### TASK GOAL
Repeat each line of the material below exactly as it appears, minus any pictures.

### DATA SECTION
# # # # # # #

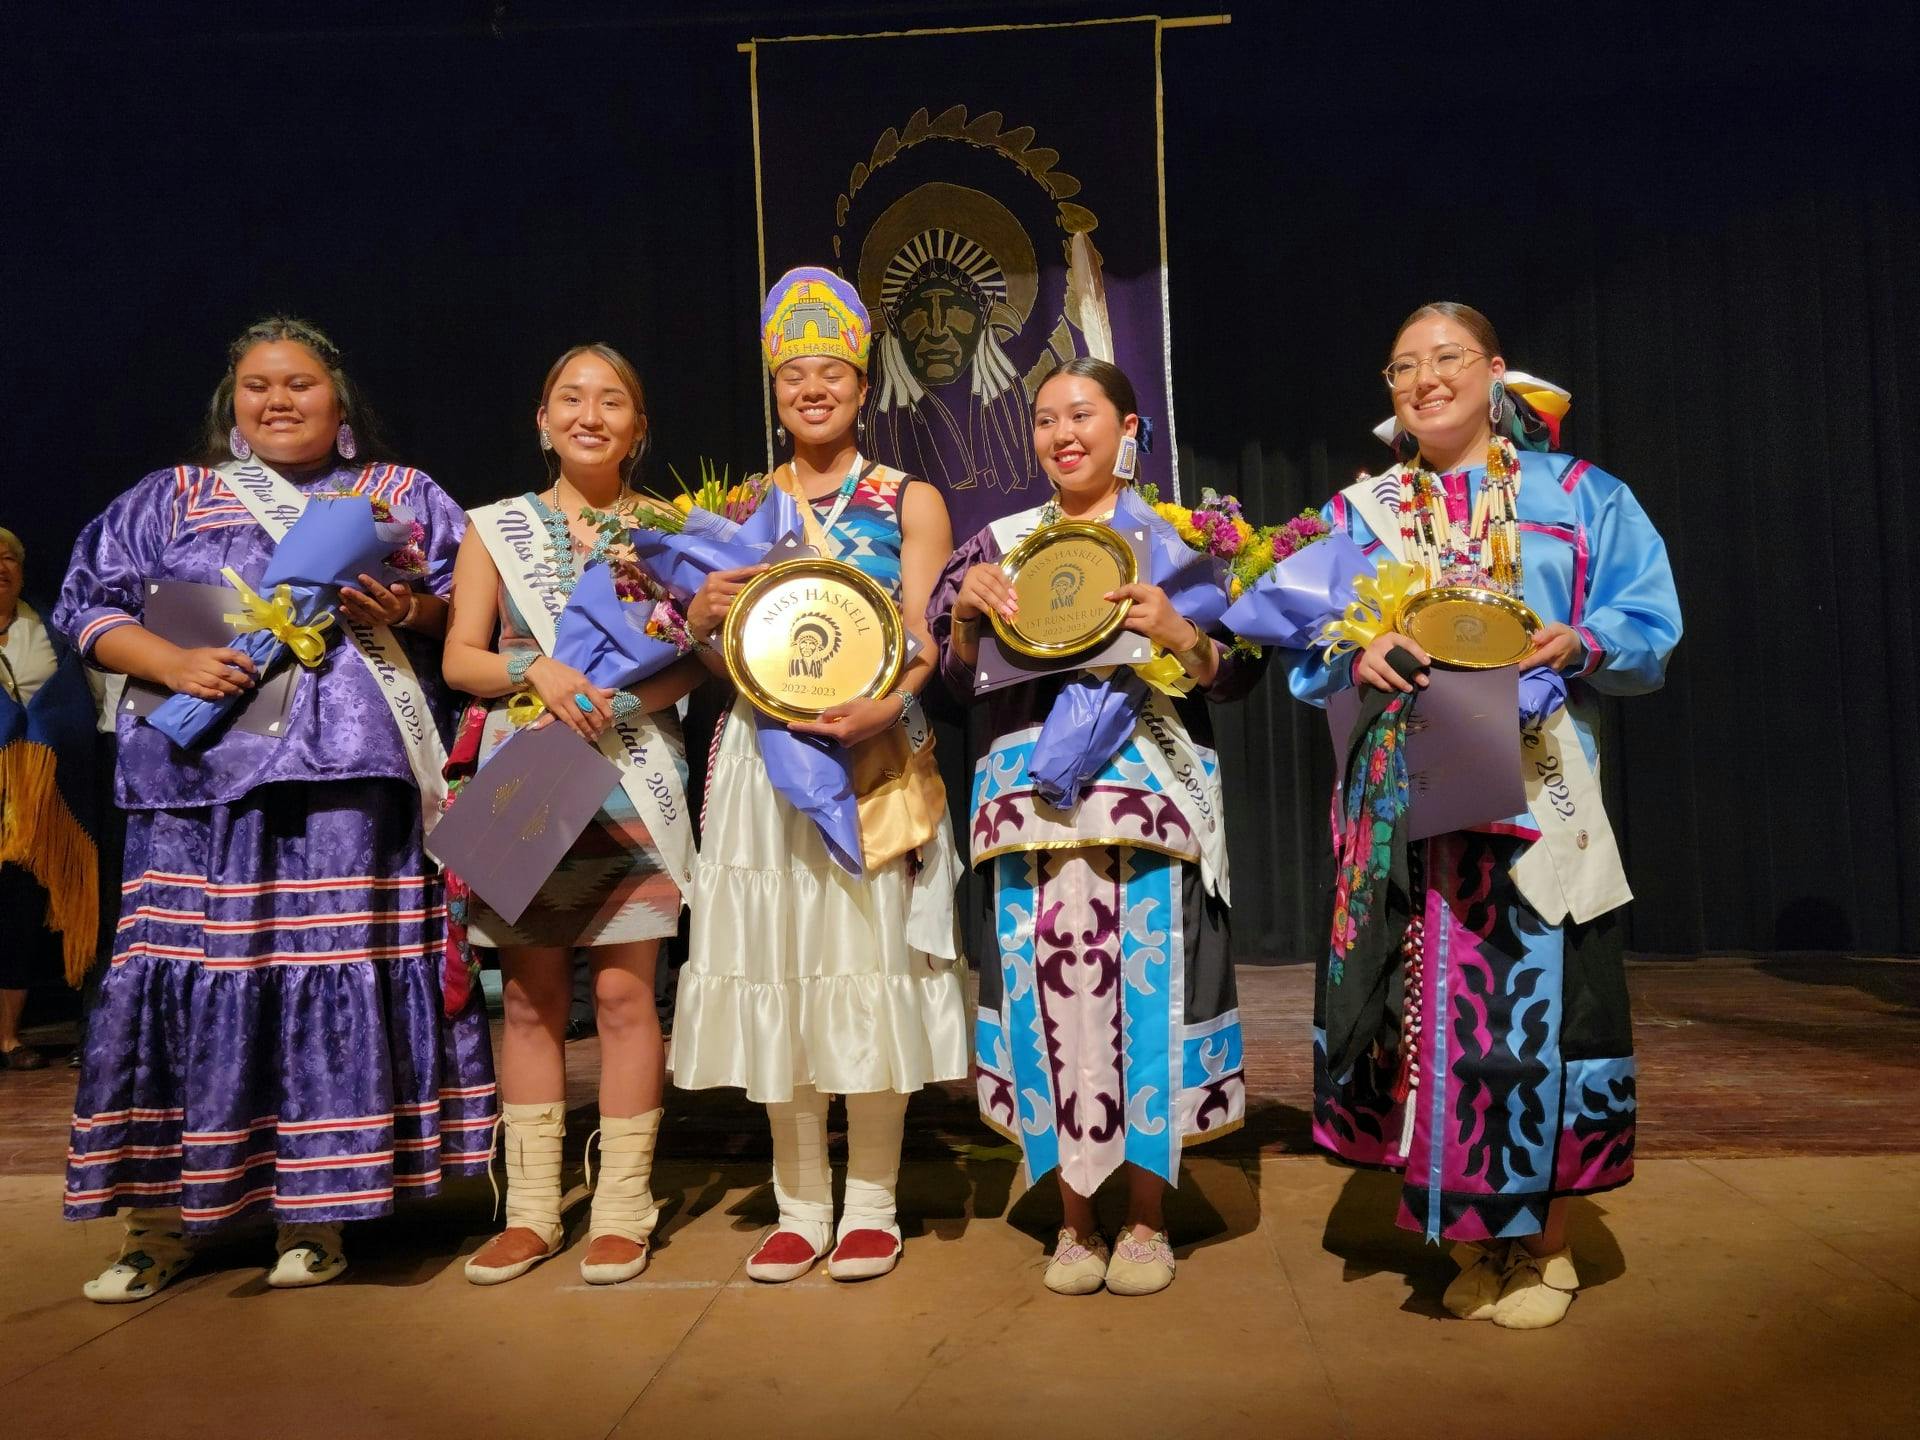 A group of students from the Miss Haskell event at Haskell Indian Nations University.
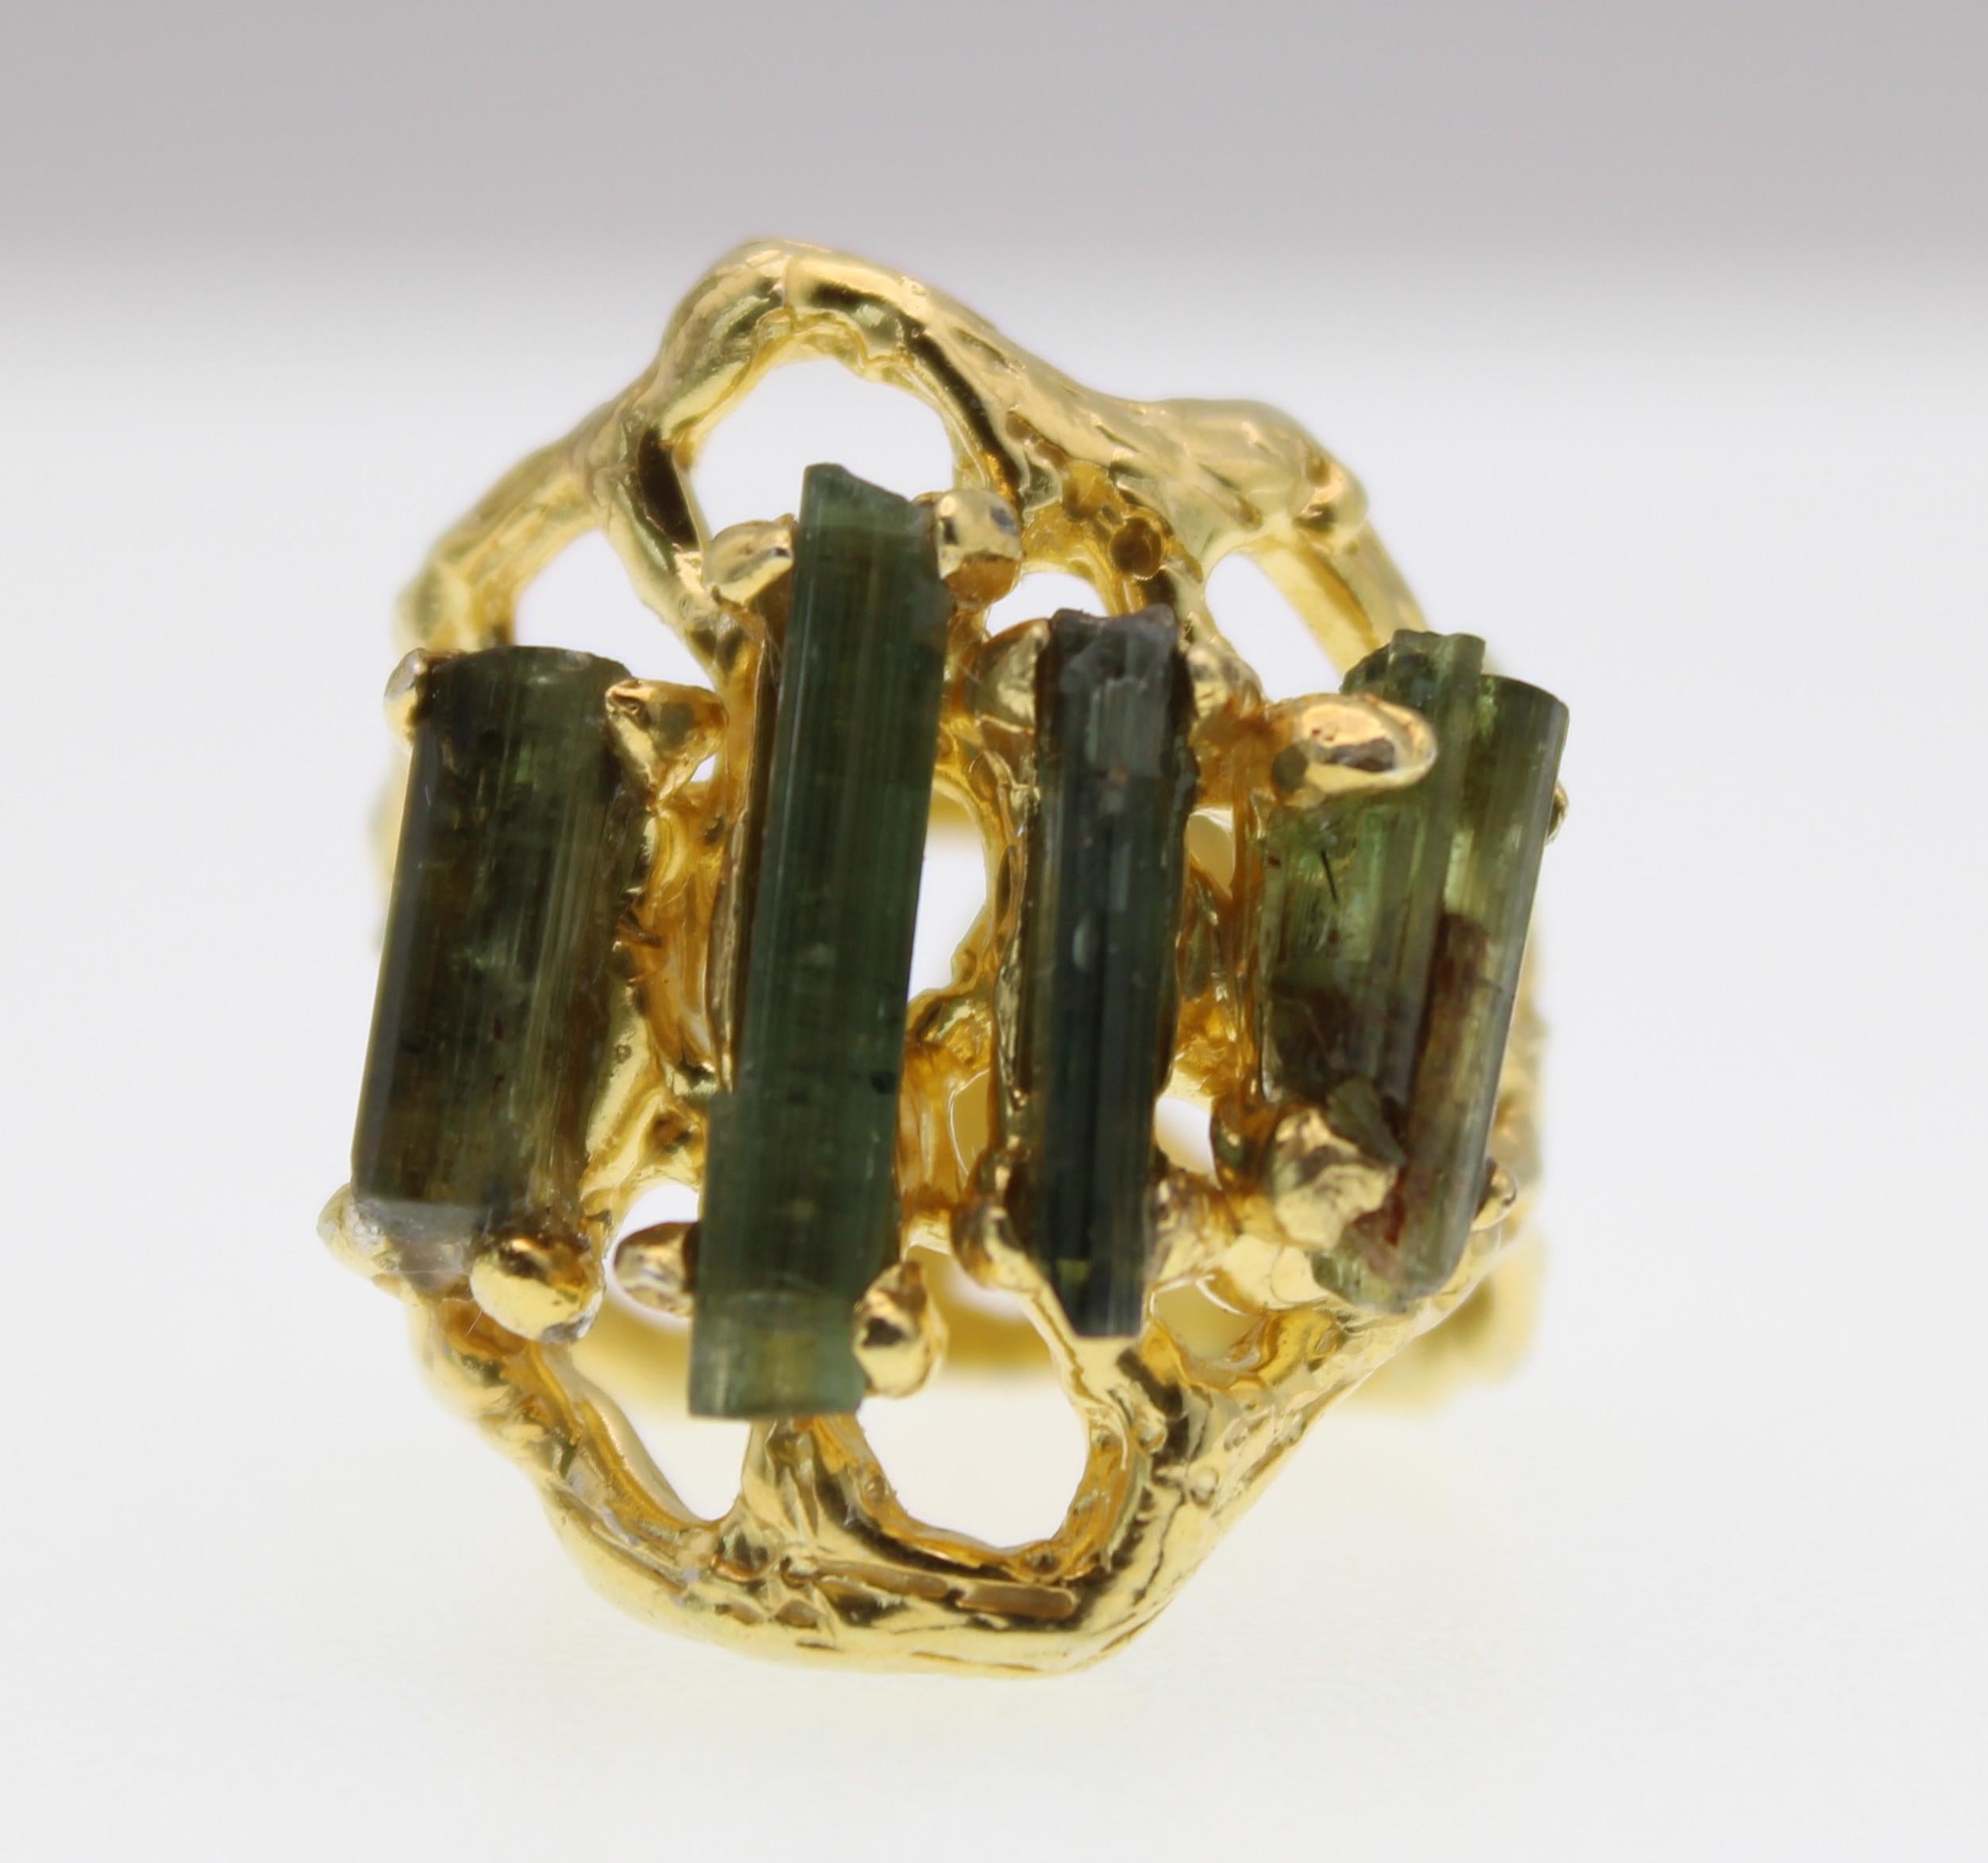 Stunning gold plated cocktail ring with 4 raw green tourmaline stones vertically set. This ring is a size 7.5.
Natural imperfections and striations in the tourmaline are present which gives this ring one-of-a-kind character.

# # # # # # #

### ANSWER TO THIS EXERCISE
 A group of students from the Miss Haskell event at Haskell Indian Nations University.
 Stunning gold plated cocktail ring with 4 raw green tourmaline stones vertically set. This ring is a size 7.5.
Natural imperfections and striations in the tourmaline are present which gives this ring one-of-a-kind character.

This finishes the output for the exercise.